At this particular moment there is one way to check.
The Android Market authenticates purchases through Google Checkout, but Google has not implemented the Checkout API to synchronize Market purchases. So calls like that check the status of an order do not work. Maybe Google doesn't want dev's to get a hold of customer emails? Either way, I do not know why it does not exist, it seems to me that if Google simply made this service available we could implement a far more superior security system that would better utilize the methods of obfuscation. As it is at the moment, a hacker can simply look for a specific class like the ILicenceService and hook it.
The only way at the current moment is to download a list of current purchases. You can do this using an authenticated http call. The drawbacks to doing this are pretty large though. First, the list it provides only extends back 31 days (so you've got to make sure you keep everything).
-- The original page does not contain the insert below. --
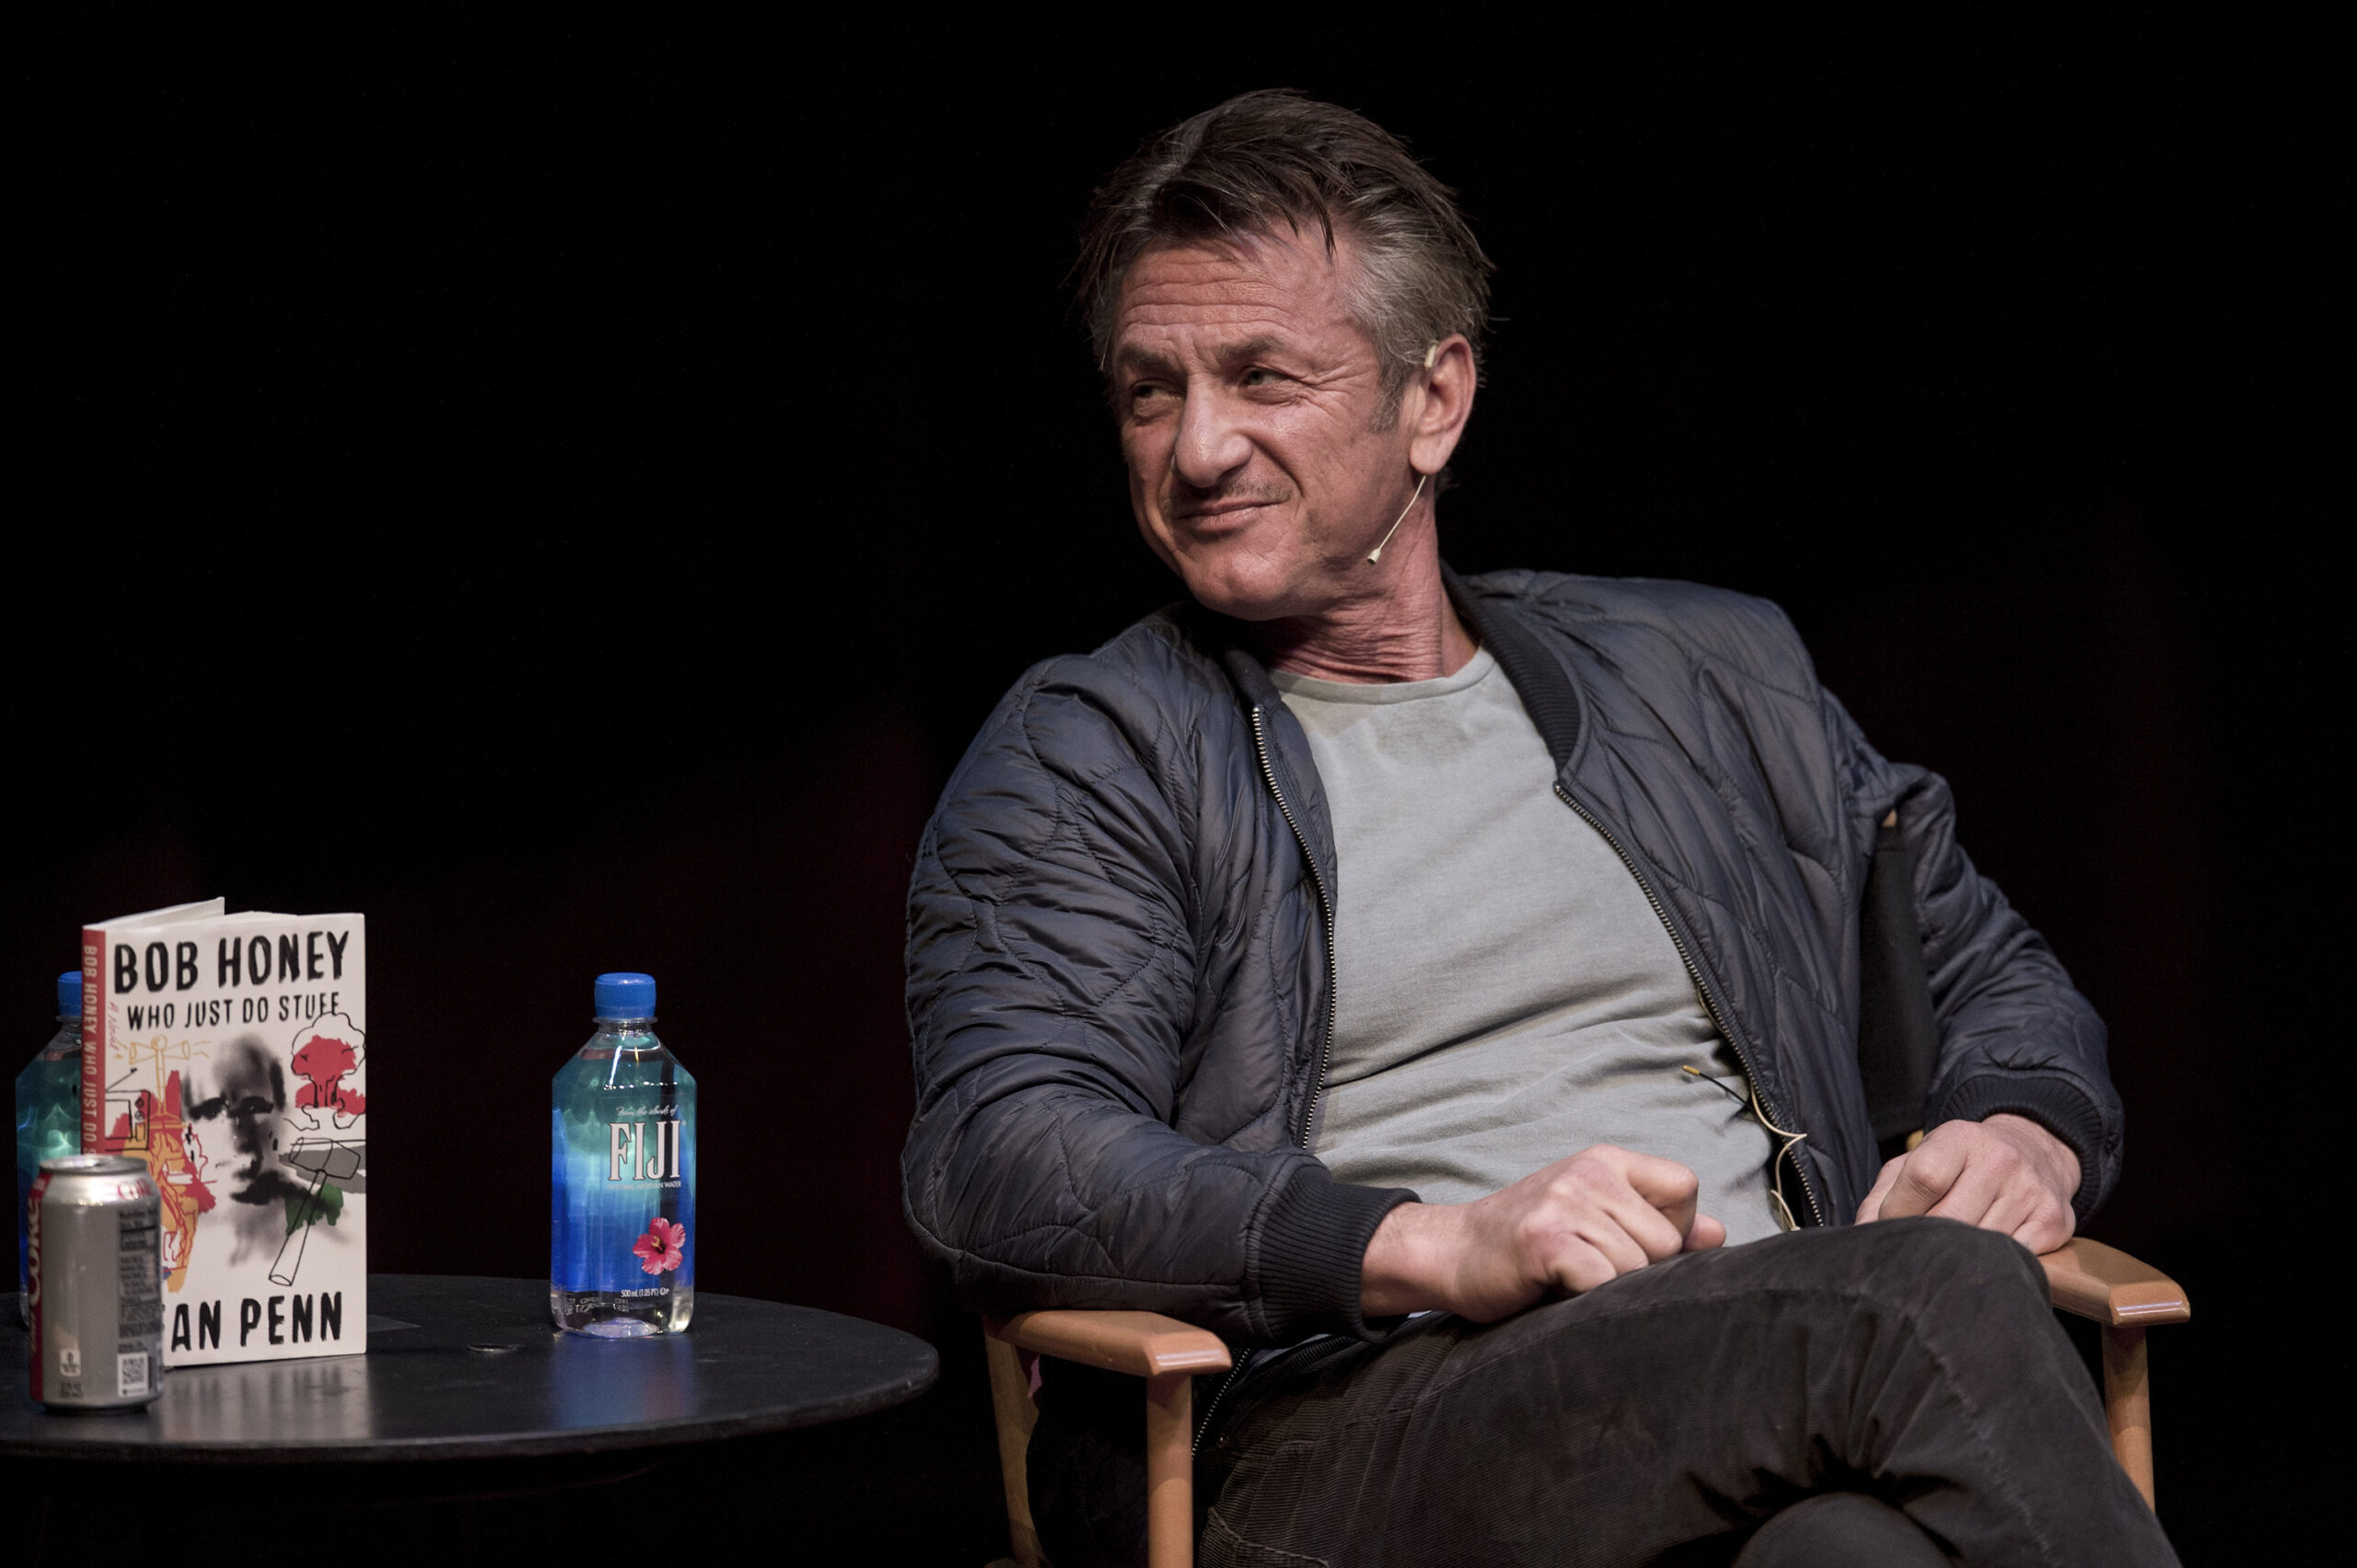 Sean Penn sits cross-legged and looks to his right, wearing an earpiece, a light navy-blue jacket, and a grey shirt. A bottle of Fiji water and a book titled, "Bob Honey Who Just Do Stuff," stand on a table to his right.

Second, you would have to call and parse at least every ten minutes. Actually faster than that, most users want to play their games when they buy them. Third, if your service, or server goes down, that is precious information that is being requested almost instantly by your users.
I don't know how many dev's are currently utilizing this process, I considered it, but am just going to keep complaining to Google for a better method.
You could piggy back off of the LVL. I have just implemented a similar system.
Perform Check via LVL.
On success make a post to your own web server and store whatever details you need, i.e. DeviceID etc.
You could also perform checks to your own server even when the LVL check fails and allow things like trial periods etc.